Should we fear Artificial Intelligence?
Over the last few years, I’ve had the sinking feeling that I’ve walked into one of the sci-fi films I obsessed over as a child. Stay with me.
As with most of our technological worries from the last decade, wariness around Artificial Intelligence has probably been rooted in some 1980s film starring Arnold Schwarzenegger (read: Terminator). Whilst seemingly farfetched, these notions have been compounded in recent years by earnest comments from those ‘in the know’ such as Stephen Hawking and respected research firms. Reservations of the average Joe have not stopped companies like IBM, Amazon, Google, Facebook, and (surprisingly) Apple from coming together and stepping into the AI research ring in an attempt to push the technology to its limits.
Frankly, the real worry isn’t about an AI robot army led by an omniscient super computer (read: I-Robot). Most are concerned that advances in AI software will compromise employment, replacing jobs such as those in factories, transportation, retail, and even basic journalism.
Working for a tech PR agency, and being a bit of a tech junkie myself, I feel conflicted. I want to see how far we can take AI (and how far AI can take us), though not at the expense of people’s livelihoods. Jobs that are susceptible to automation, i.e. those that can be solved using a clever combination of sensors, logic, and a connection to the WWW (e.g. taxis), will be some of the first to feel these effects (read: Total Recall).
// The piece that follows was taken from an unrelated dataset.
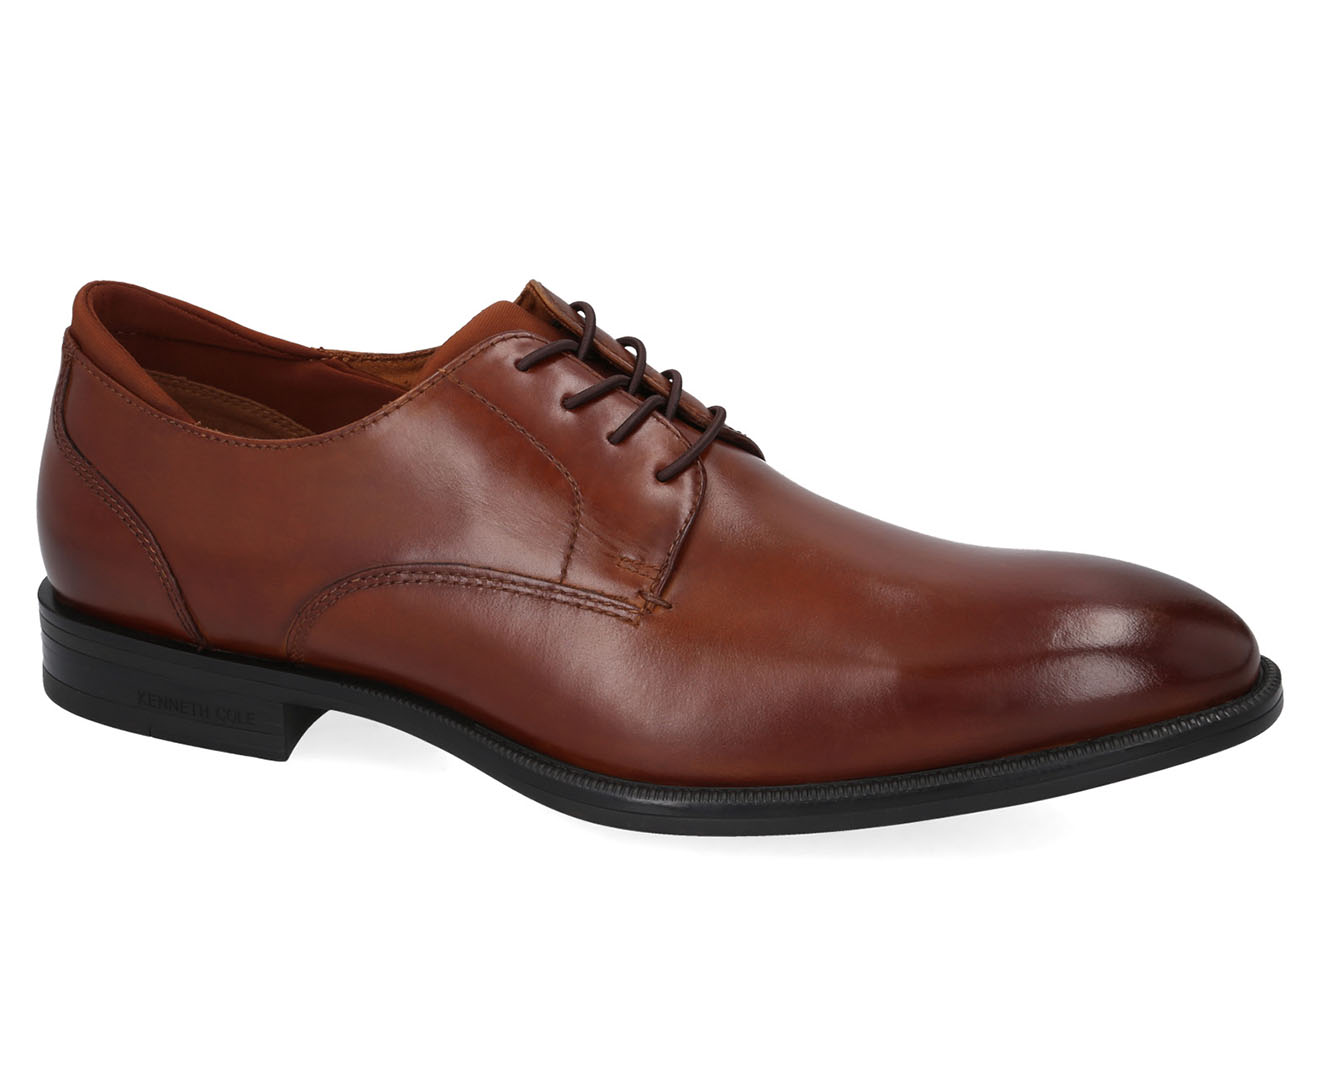 Kenneth Cole Men's Futurepod Lace-Up Oxford Shoes - Cognac | Catch.com.au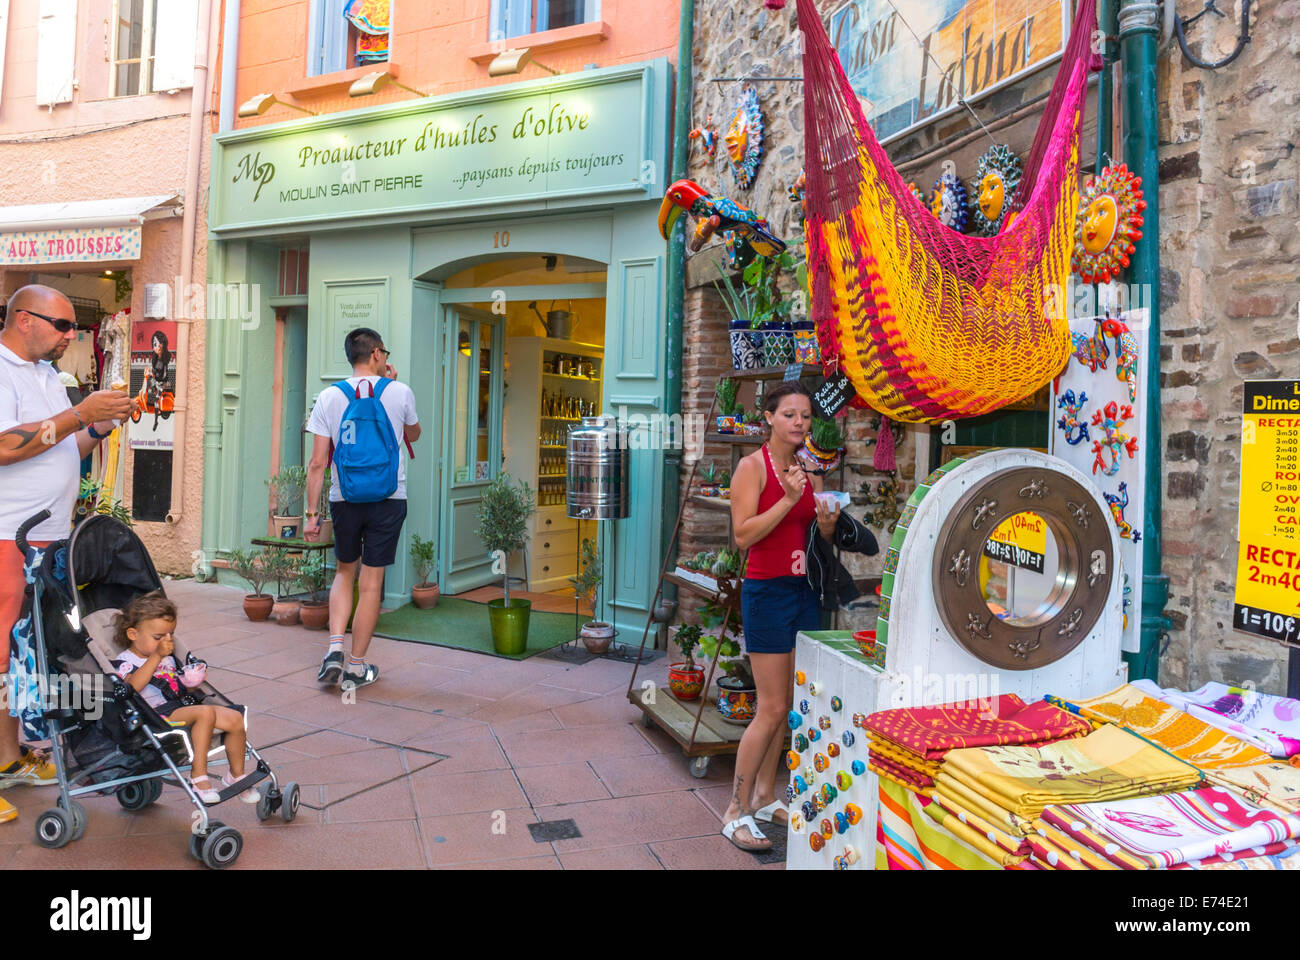 Collioure, France, touristes Shopping dans les magasins locaux, village balnéaire près de Perpignan, au sud de la France Banque D'Images

It will be interesting to see what people prioritise over the next few decades as certain jobs go extinct. Perhaps creative roles, highly social positions, and jobs managing humanitarian efforts will be safeguarded, as these have an innately ‘human’ aspect. I’m hoping for my own sake that PR fits in here somewhere!
One thing to be sure of is that the world around us is slowly being coded (read: The Matrix), and behind that code is a programmer doing the legwork to write and maintain it. With an influx of robot employees comes an industry designed around maintaining them. Whether or not we at Babel will still be calling journalists about the latest scoop in 30 years, or whether we’ll be supplanted by AI is a point of worried enquiry. The real scoop here is that if people still want jobs for themselves or the next generation, they should start thinking about where people will still be useful, and what can’t be done by an army of cute, artificially intelligent automatons (read: Wall-E).